Students Cathy Love and Mateo Mamea were chosen to represent CST at the National Council of Churches’ Christian Unity Gathering in Virginia next month.

Mateo says he is most excited about seeing people of faith coming together, while Cathy sees this as an opportunity to continue the fight against systemic racism—a fight she has been in for more than two decades.

Mateo’s undergraduate degree is in Human Communications and he briefly attended law school before coming to CST to pursue a M.Div. degree. Post-graduation, he hopes to develop interfaith dialogue forums that work to “open our hearts and minds to each other.” A local Claremontian, Mateo grew up in the Claremont United Methodist Church, worshiping regularly with CST professors and students over the years. He says, “I viewed CST as a place where spiritual growth and knowledge was fostered. Truthfully, I never thought I would ever have the privilege of attending such an auspicious institution. So each day I walk onto campus I am overwhelmed with gratitude and feel God’s grace wash over me.”

Cathy was a classroom teacher for twenty-three years, and for twenty of those years she served in schools of wide diversity and heavy economic distress. She says, “I have seen racism and classism at the institutional level in ways that continue to shock me, and I see the struggle of people working within our educational institutions to combat this disease. So many people struggle, with little support, as systems keep them within tightly controlled units of geography or grade/subject matter. Hope can be elusive.”

Today, as she walks toward a future in formal ministry, she sees the opportunity to continue the fight against systemic racism from a different angle. The NCC’s Christian Unity Gathering will continue its focus on racism; the 2019 program is titled “Ending Racism: Confronting Our Past, Revisiting Our Present and Naming God’s Preferred Future.” Cathy says, “I see in this gathering the opportunity to delve into issues of racism from a perspective that crosses denominational lines, and to make connections with a range of people with whom I can grow in ministry and share in making positive change in this world. Further, I heard two interviews with Ibram X. Kendi (keynote speaker at the event) on NPR recently. I was drawn to his clarity on antiracism as a necessary way forward, as an active mechanism to combat the disease of racism. I am particularly thrilled to be able to hear him speak.”
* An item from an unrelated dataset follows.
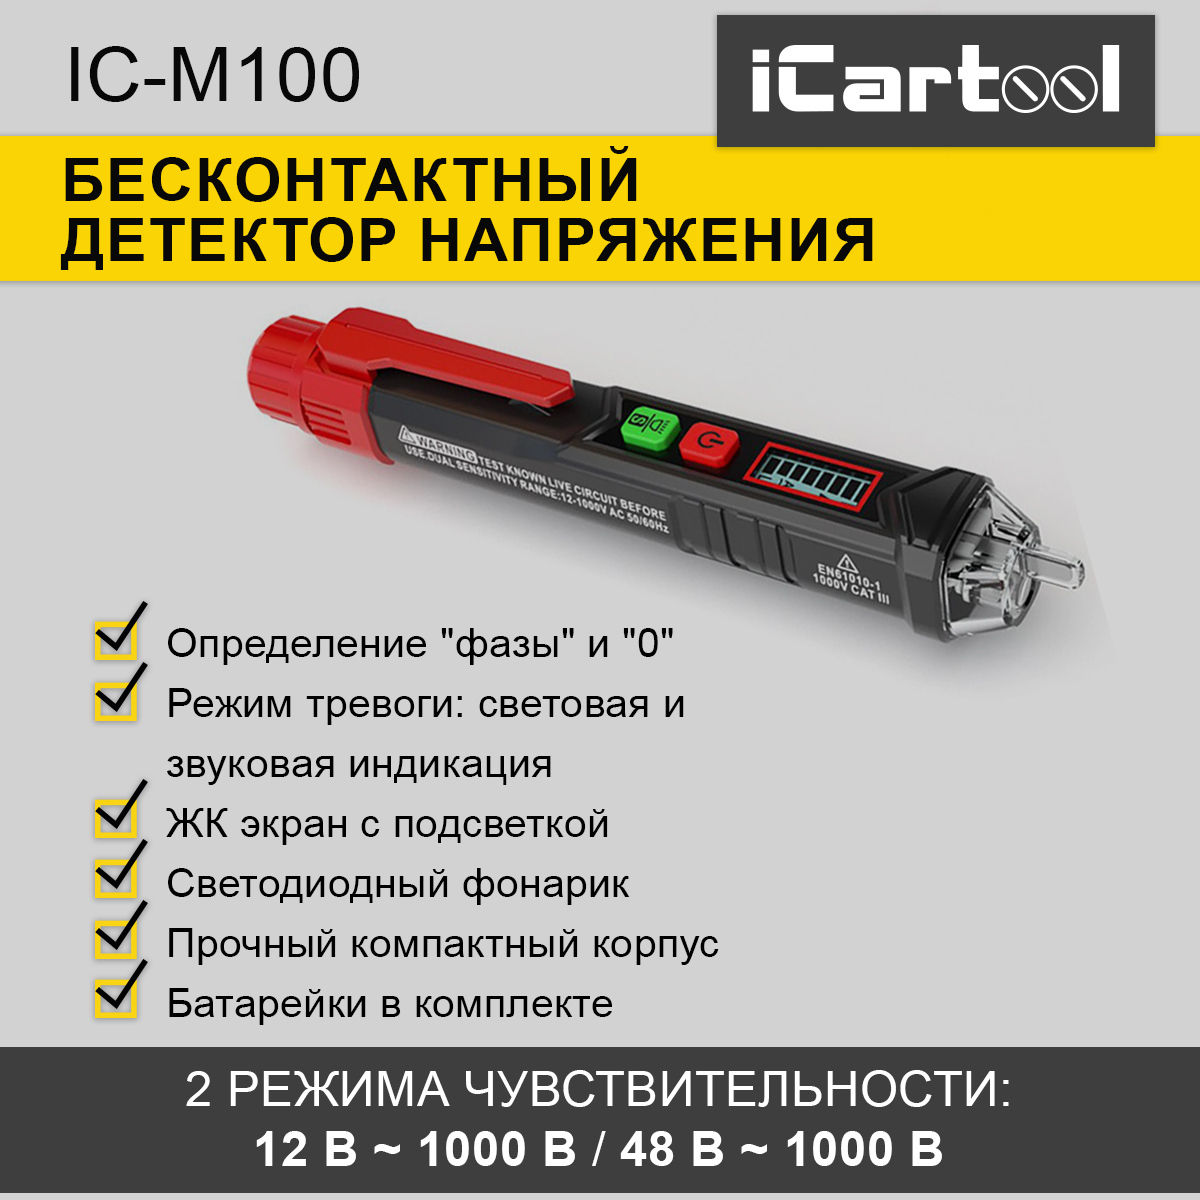 Бесконтактный детектор напряжения iCartool IC-M100 провода для мультиметра

Post-graduation, Cathy hopes to become an ordained elder in the United Methodist Church. She says, “At CST, I found the community that I had been searching for—genuinely dedicated people working toward depth of understanding, closer relationship with God, and a strong commitment to ecumenism and social justice. My initial intention was to work toward congregational ministry, and that remains my goal—yet, with every new class and experience, I see the ever-broadening scope of just what ministry can entail. I am drawn to rural and/or small-town ministry, and see that strength is found in connection. I hope to serve a congregation in an area where the churches and other houses of worship can find commonalities of mission and work together to serve all of God’s people.”

Cathy is a second year M.Div. student in our hybrid program.